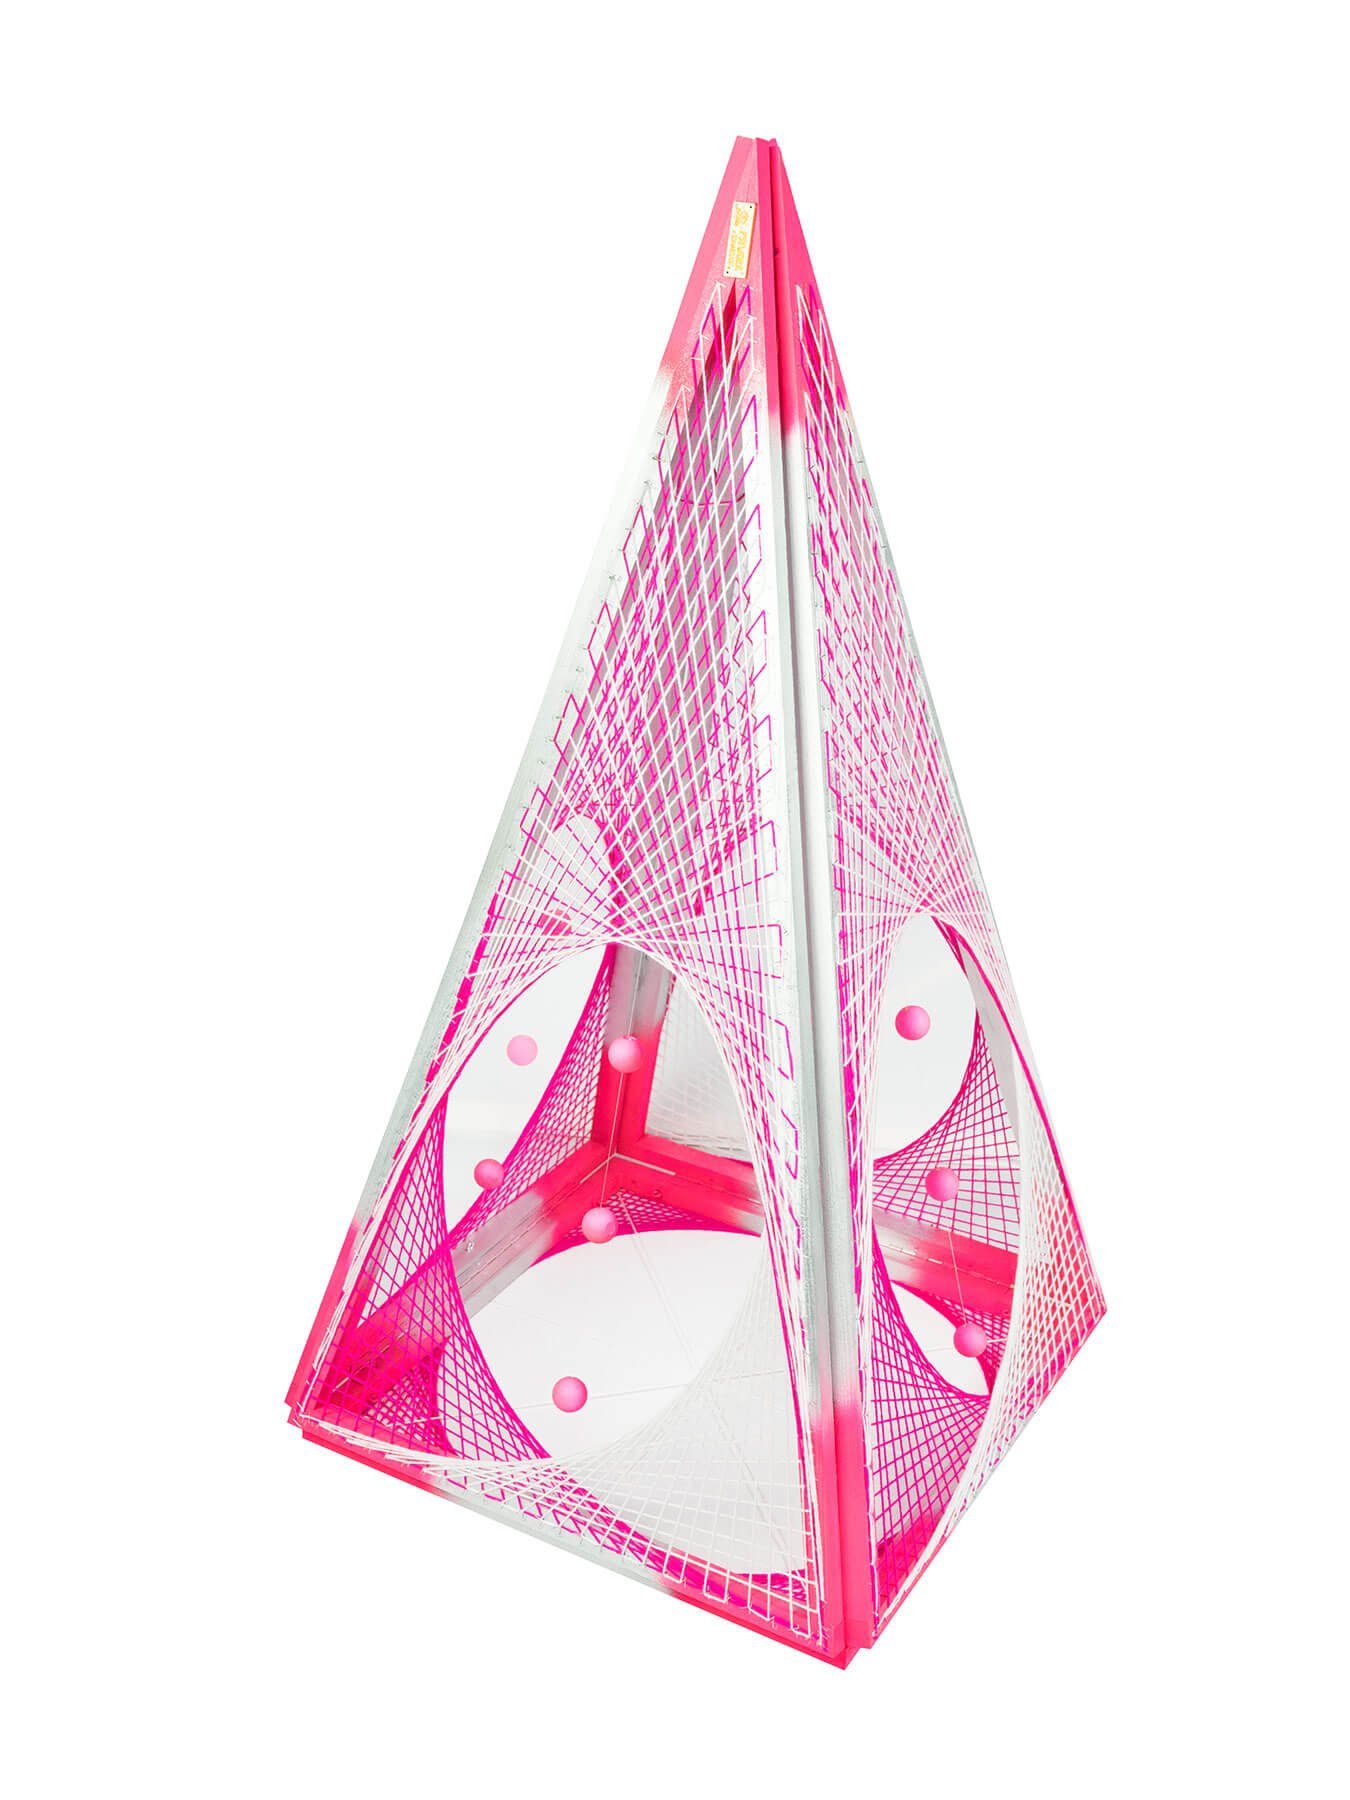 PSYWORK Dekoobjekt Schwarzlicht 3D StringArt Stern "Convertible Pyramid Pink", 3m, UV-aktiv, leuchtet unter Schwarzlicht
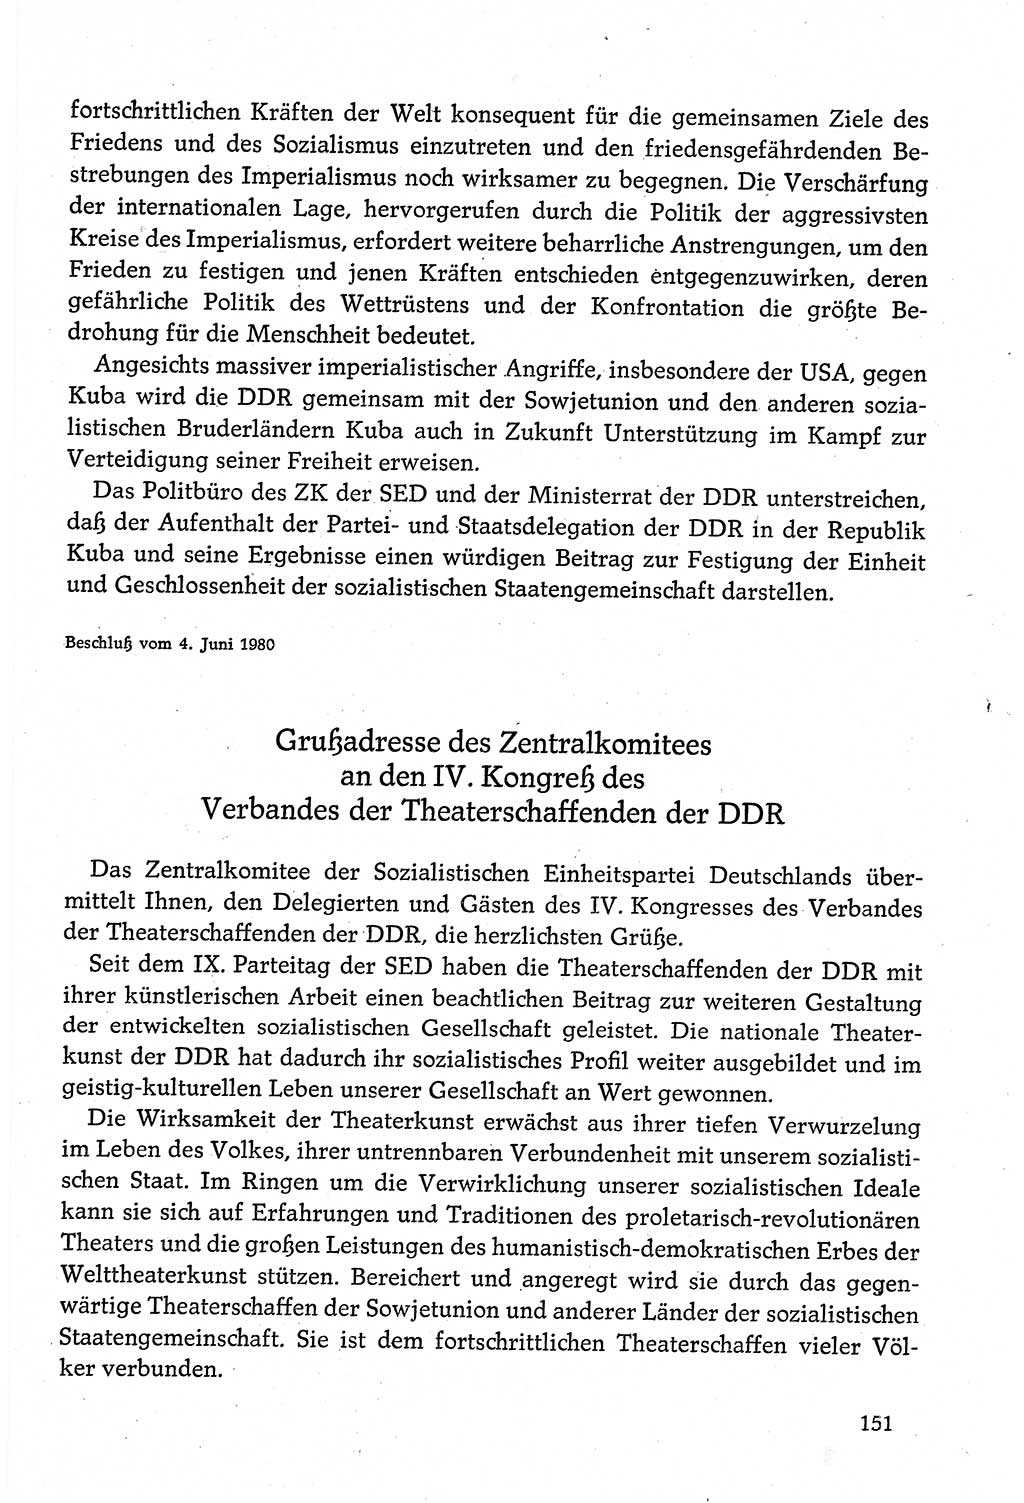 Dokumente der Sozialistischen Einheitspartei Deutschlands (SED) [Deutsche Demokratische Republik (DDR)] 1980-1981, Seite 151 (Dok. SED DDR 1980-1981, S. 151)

---

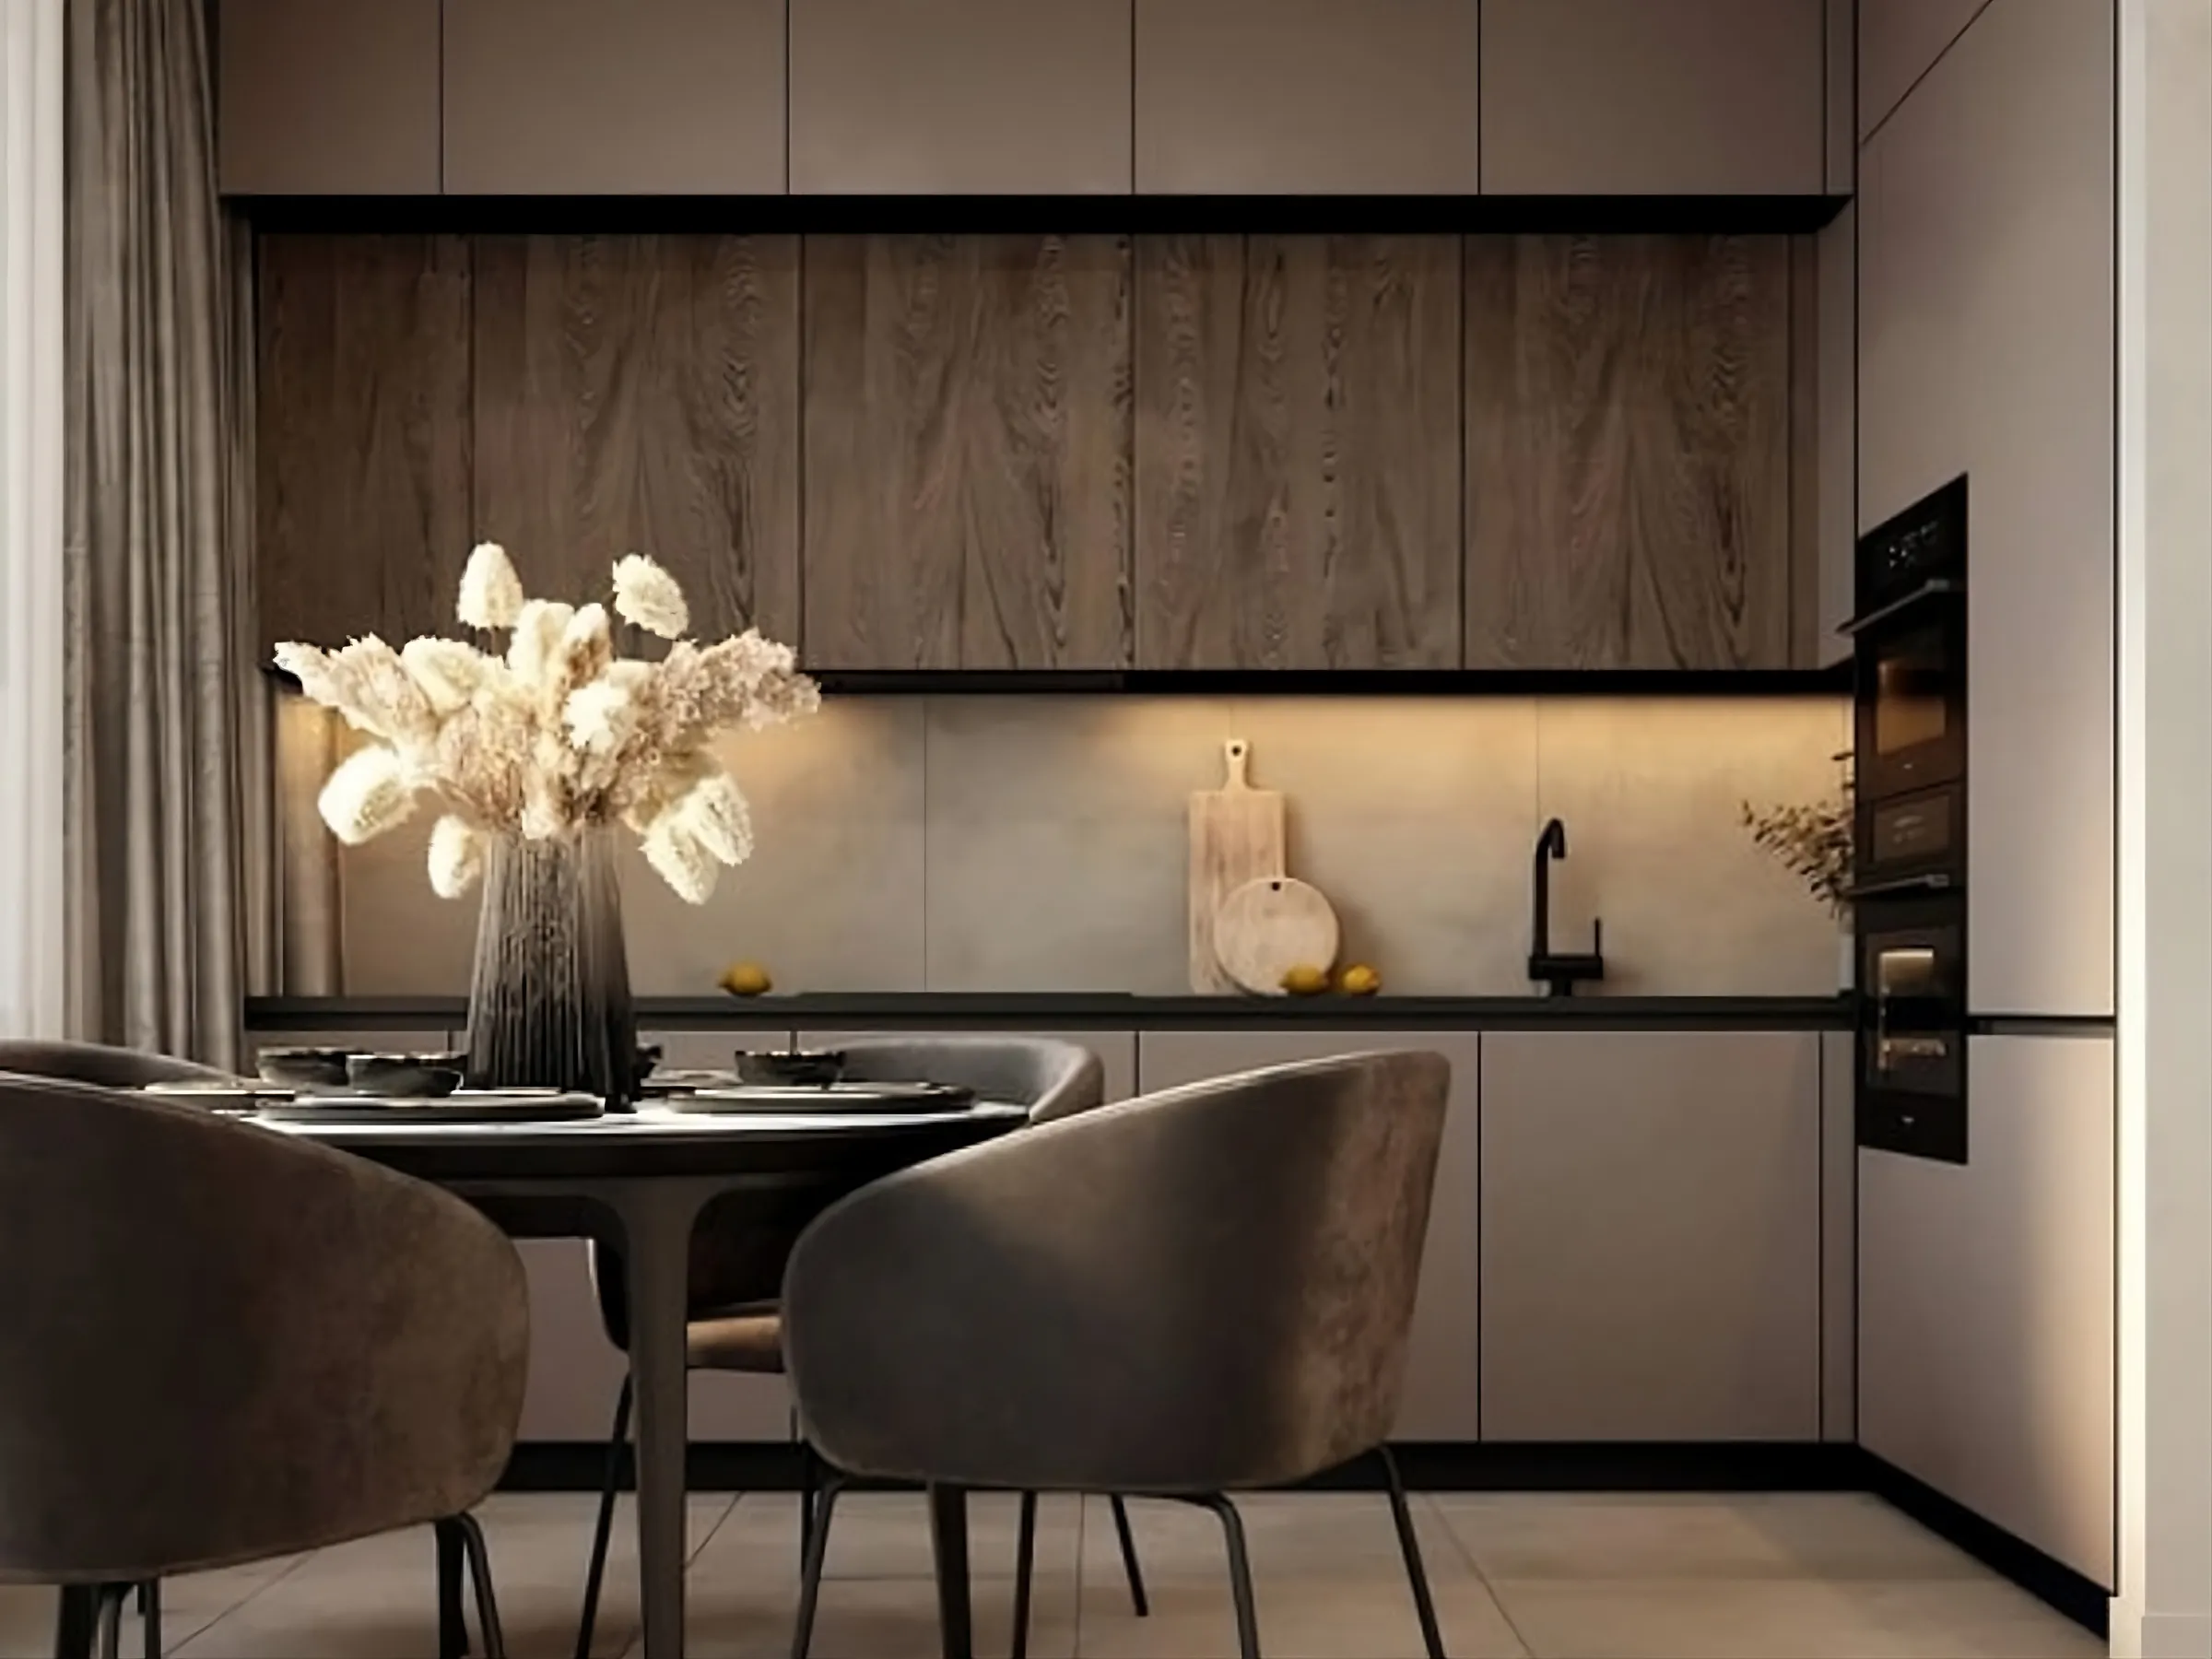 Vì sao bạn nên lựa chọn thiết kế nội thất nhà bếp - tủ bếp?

...

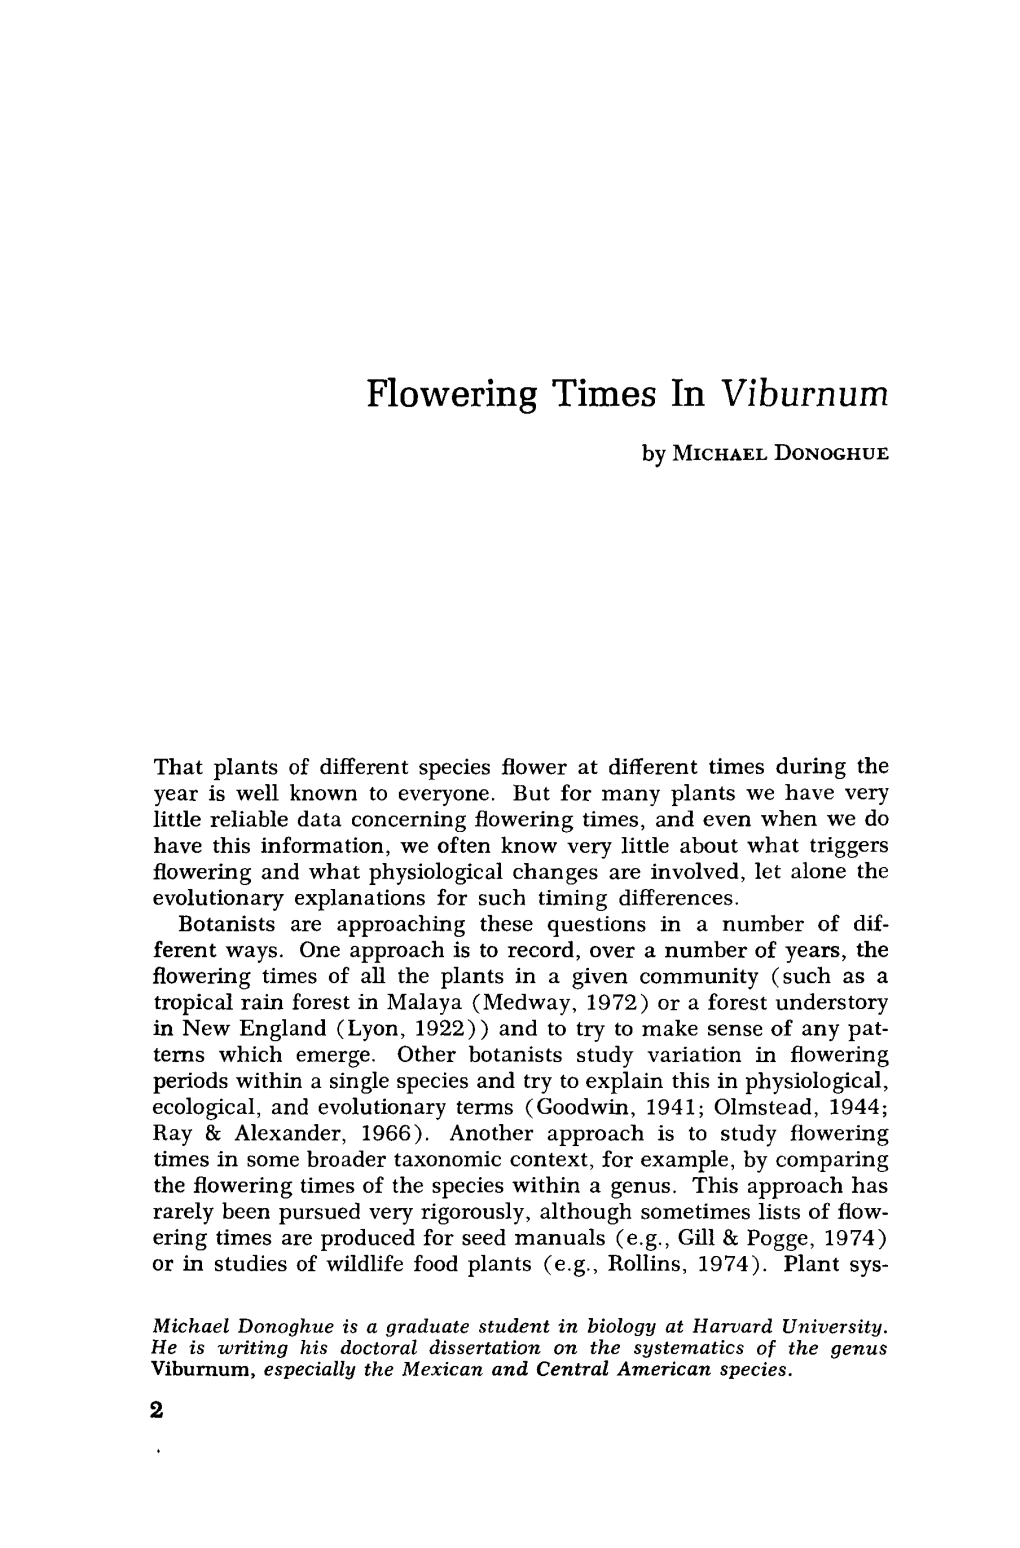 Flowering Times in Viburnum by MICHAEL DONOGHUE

**AIM OF THE TASK**
Both the line above containing "PSYWORK Dekoobjekt Schwarzlicht" and the line containing "Dokumente der Sozialistischen" belong in the copy, along with every line between them; print these exactly and omit the pictures.

**WRITTEN SOLUTION**
 PSYWORK Dekoobjekt Schwarzlicht 3D StringArt Stern "Convertible Pyramid Pink", 3m, UV-aktiv, leuchtet unter Schwarzlicht
 Dokumente der Sozialistischen Einheitspartei Deutschlands (SED) [Deutsche Demokratische Republik (DDR)] 1980-1981, Seite 151 (Dok. SED DDR 1980-1981, S. 151)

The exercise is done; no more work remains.